Lighting is one of, if not the most, important elements in photography. Light is what the camera captures to make the image and without it, there are no photos. In fact, the word “photo” means “light.” The lighting of an image can change the mood, message, and personality of a photo, so it’s important not to ignore this aspect of your photography. Whether you’re the photographer or the subject, looking through all of the options and sources can be daunting, so dive in a little deeper and check out this lighting guide before your next session.

There are two types of light: Natural and Artificial

Natural: This kind of light comes from the sun. The pros are that it’s free, and once you understand how to manipulate the camera settings to match the available light, you’re done. However, it’s unpredictable and entirely dependent on your environment, the weather, and the time of day.

Artificial: This includes light that you have brought into the situation. It is not dependent on weather or time of day. You have complete control and are able to recreate the same look no matter where you are.

Under the umbrella of “Artificial Lights,” there are:

Continuous Lights: The light stays on and allows the photographer to visualize exactly how the light will fall on the subject (whether it’s a person or an object) before they take the photo. This provides the opportunity to manipulate your settings ahead of time. I use these kinds of lights to avoid uncomfortable flashes on my client, because they close the subjects’ pupils to show more of their eyes, and because they mimic daylight.

Strobe Lights: This kind of light flashes as you take the photo. As opposed to continuous lighting, you will not see how the image will be captured until you generate the flash. However, they offer extremely powerful light and are often more portable than continuous lights. 

Two kinds of strobes:

Speedlight: These are external flash units that can either be attached to your camera or separate from it. They are Immensely powerful and the large amount of light that they emit provides for more freedom in your aperture and ISO settings.

Monolight: Even more powerful than speedlights, these are self-contained, using their own power sources, reflectors, and stands. They can be used both in the field and in the studio.


Additional Components:

In addition to the lights themselves, you’ll want to have a selection of light modifiers. These include umbrellas, softboxes, and reflectors and serve to increase the size of your light source as well as direct it.

Softboxes: These are devices made of a lightweight material that surround the light source, providing diffused light over the subject. The larger the softbox, the softer the light. 

Umbrellas: These bounce the light in alternate directions as opposed to allowing the light to directly hit the subject. This creates a more diffused look and spread the light so that it covers more area. 

Reflectors: A tool that reflects light into darker areas, removing shadows and harsh edges. 

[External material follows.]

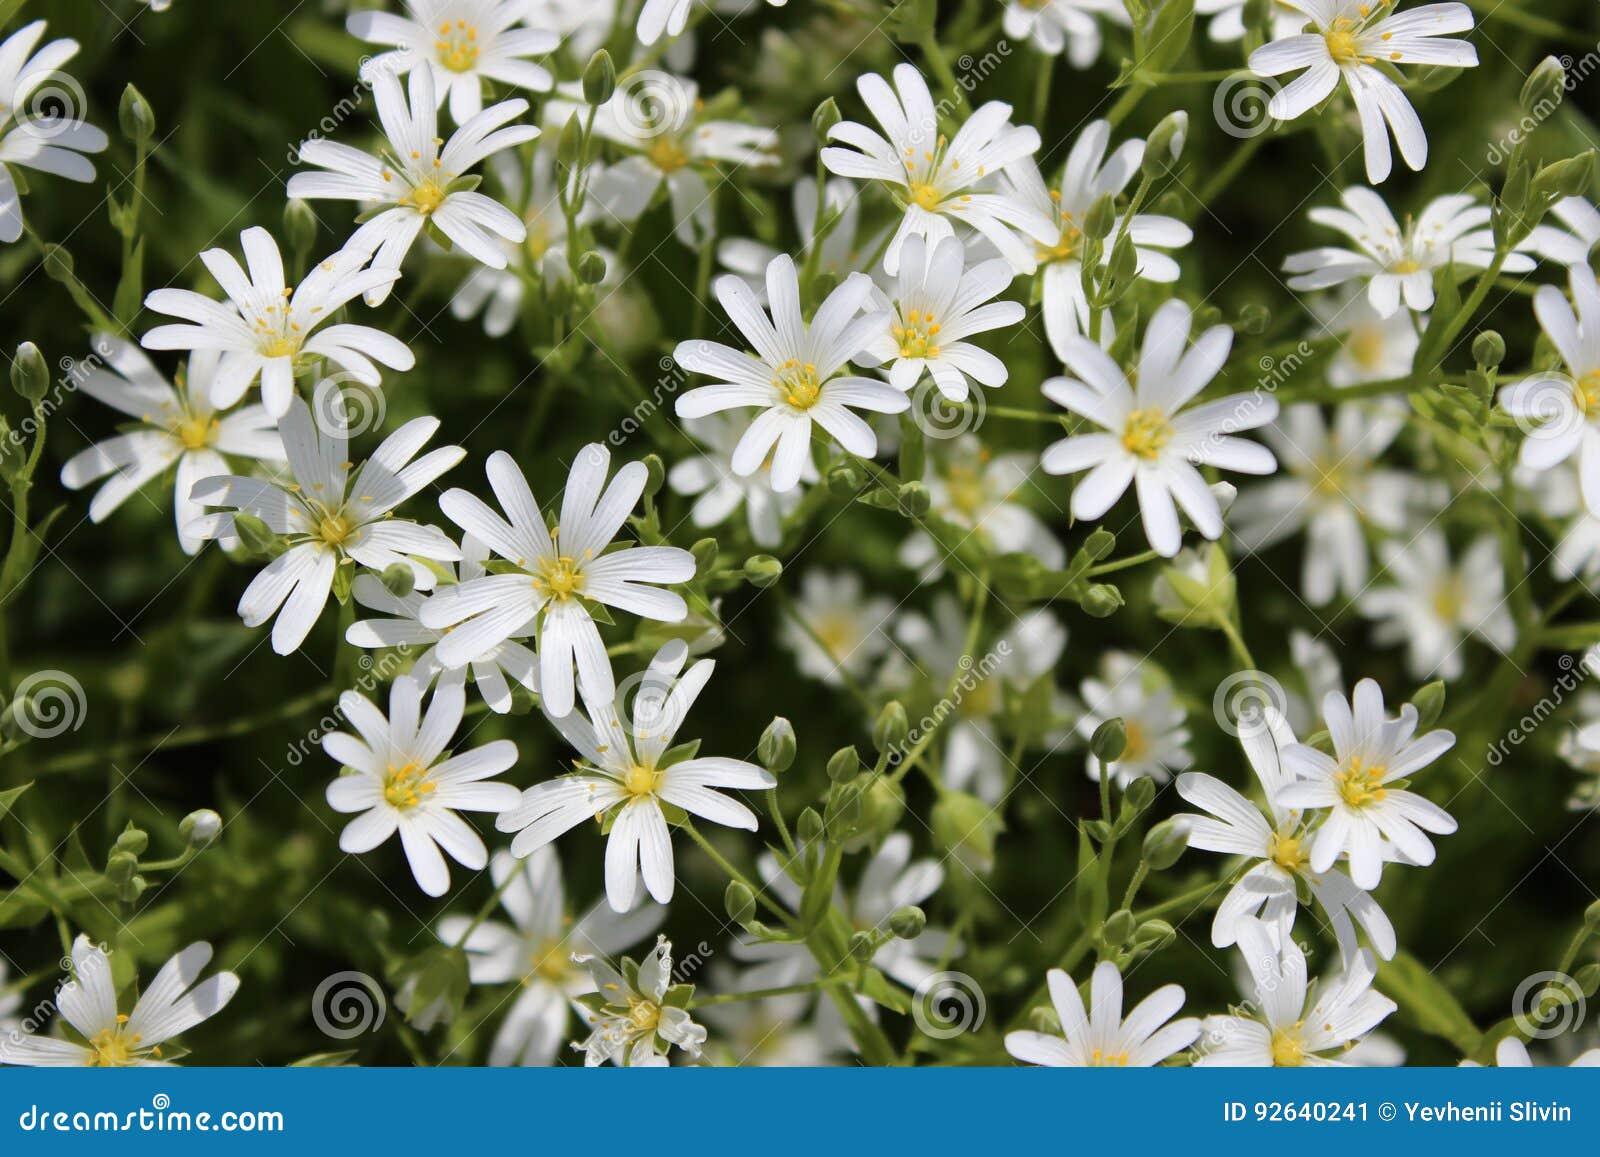 Small White Spring Flowersamomile Stock Image Image Of
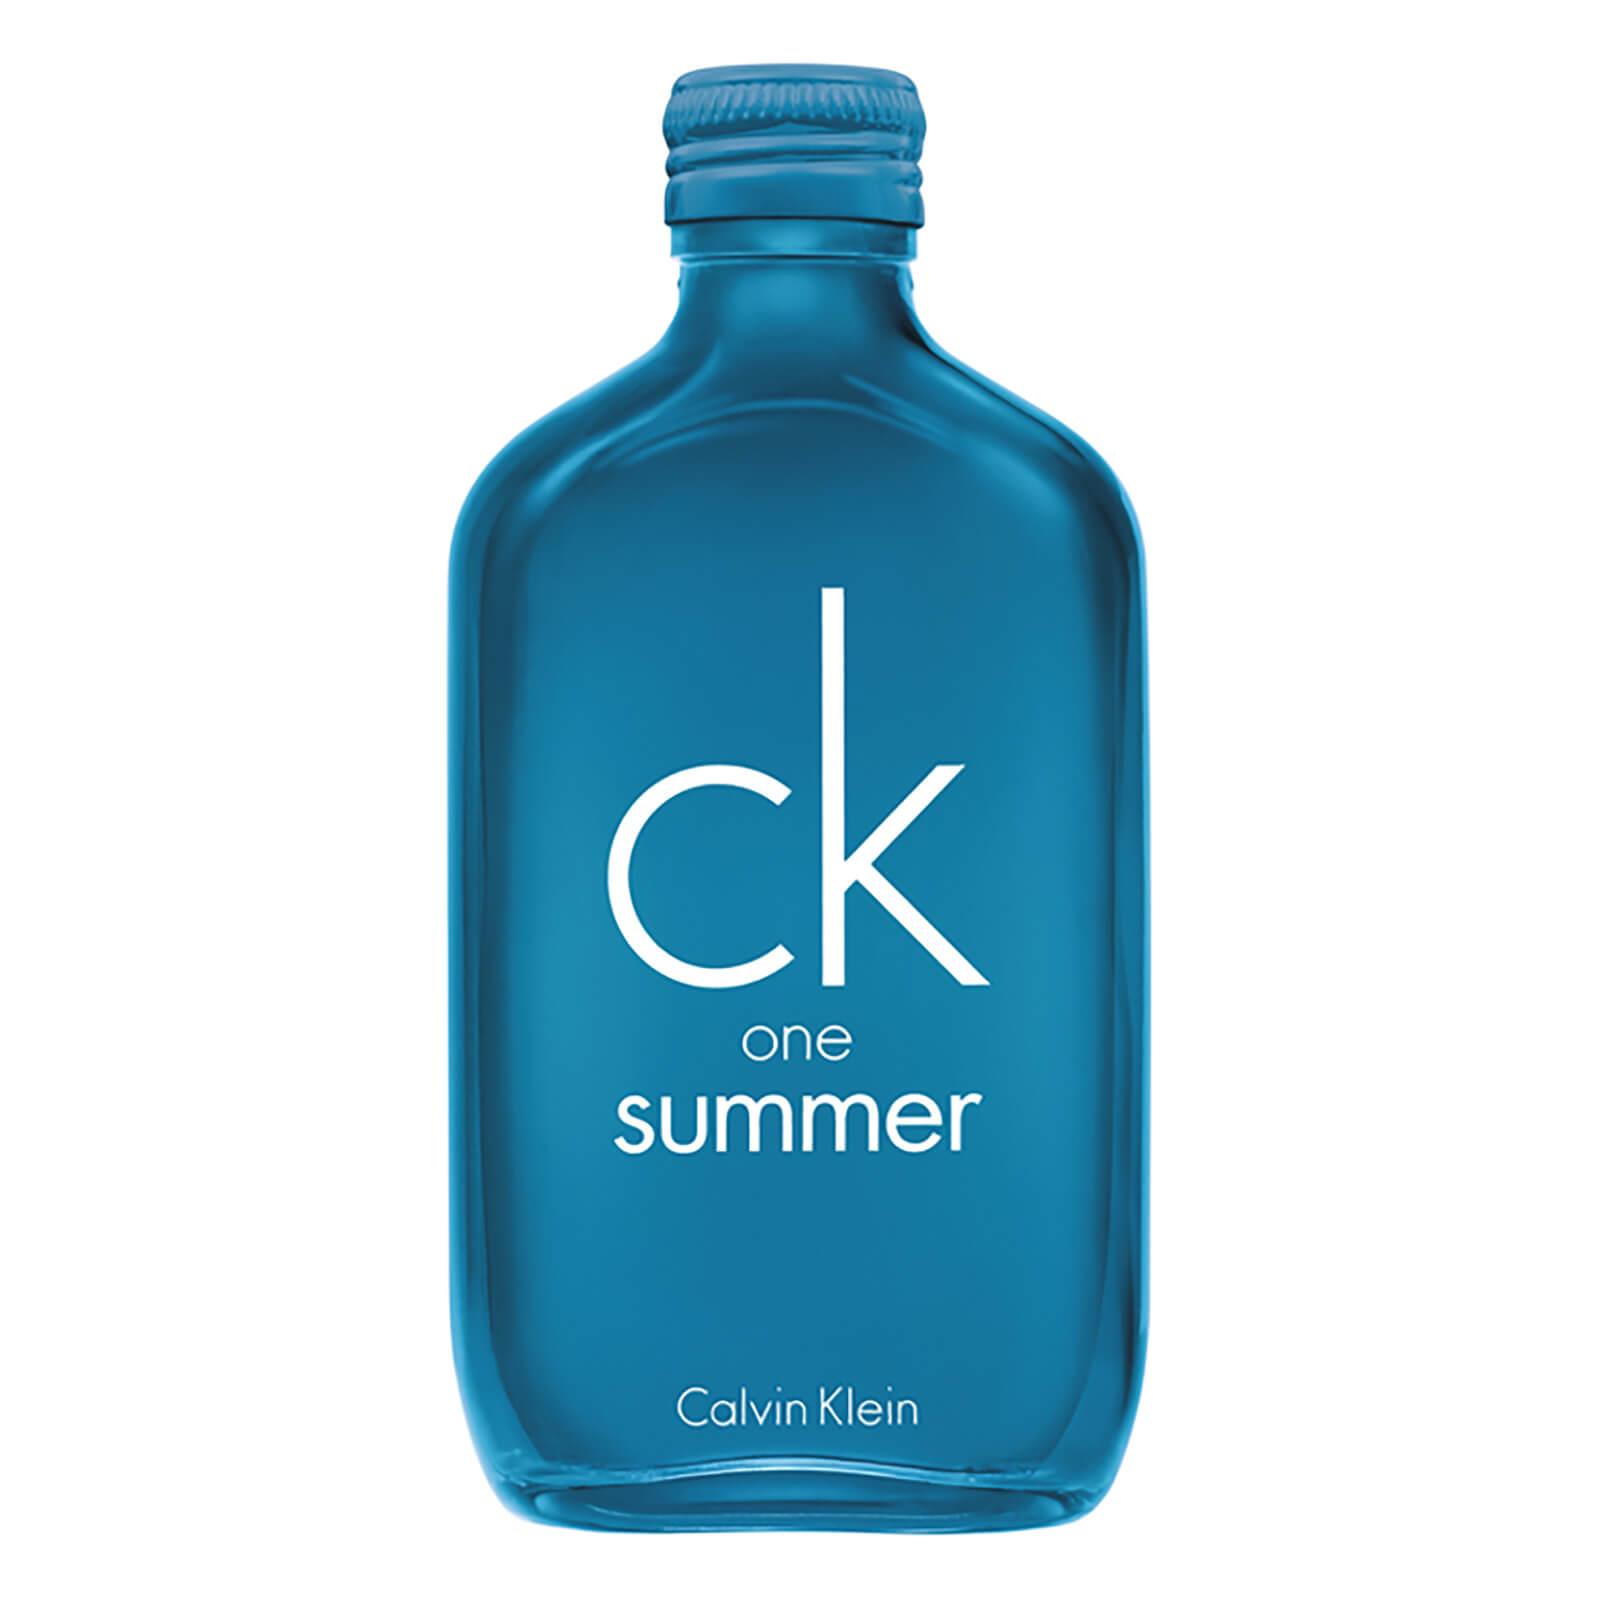 26440e99e4645 Calvin Klein CK One Summer Eau de Toilette 100ml   Free Shipping    Lookfantastic

A few considerations to make when selecting and setting up your lighting:

Hard light vs. Soft light: Hard light creates shadows that will have harder edges and adversely, soft light creates diffused shadows with softer edges. The smaller the light source, the harder the light and vice versa.

Color Temperature: Every light source has its own color temperature, measuring from warm to cool. Be sure to always set your white balance before a shoot

Recharging/Recycling Time: This is the amount of time needed for a strobe light to recharge itself after a photo is taken and before taking the next. The lower recycle time, the better.

A little bit about my setup:

I specifically designed a photo studio that features a number of things:
• Natural Light – The studio is mostly windows because I love natural light and I also prefer to be outdoors. This is an optimal environment for me to be in my creative zone. I can’t imagine accomplishing the same in a dark studio that offers no natural light.
• Comfort – I wanted to create a warm and welcoming studio where my clients could feel at ease. Most photo studios do not have natural light and many are a sterile environment.


I use the Westcott 2-Pack Spiderlite TD6 Show PROMO Kit in my studio. It has six sockets for exceptional light output and has three separate controls that allow for multiple combinations of bulbs. It has an all-metal construction with four built-in receptacles for attachment of a softbox. It comes with two TD6 heads, two Tilter Brackets, twelve 50W daylight-balanced fluorescents, and two Softboxes for portrait or product work.

I use the Profoto B1X for when I’m on location. It’s a cordless, battery-powered monolight that is 10 times more powerful than the average speedlight, according to Profoto. It has an easy and fast set up, is easy to use with its intuitive controls and large LED display, and offers high-powered light output that works great in both bright sun and low light situations. 

I also use the Profoto A1 flash that can be used both on and off-camera. It has a magnetic mount that can attach to a variety of modifiers, recycles very quickly, and its round head provides truly beautiful and natural light. It’s high-powered, has an excellent battery-life, is easy to use, and being very compact and light, it’s perfect for shooting out in the field.

Lighting equipment can be pricey. I’ve invested in quality lighting products so that I know I’ll have consistent outcomes with my images and be able to provide premium photos for my clients. Be sure to do your research before investing; however, once you find what’s best for you, you can truly take your photography to another level. Experiment, play around, have fun!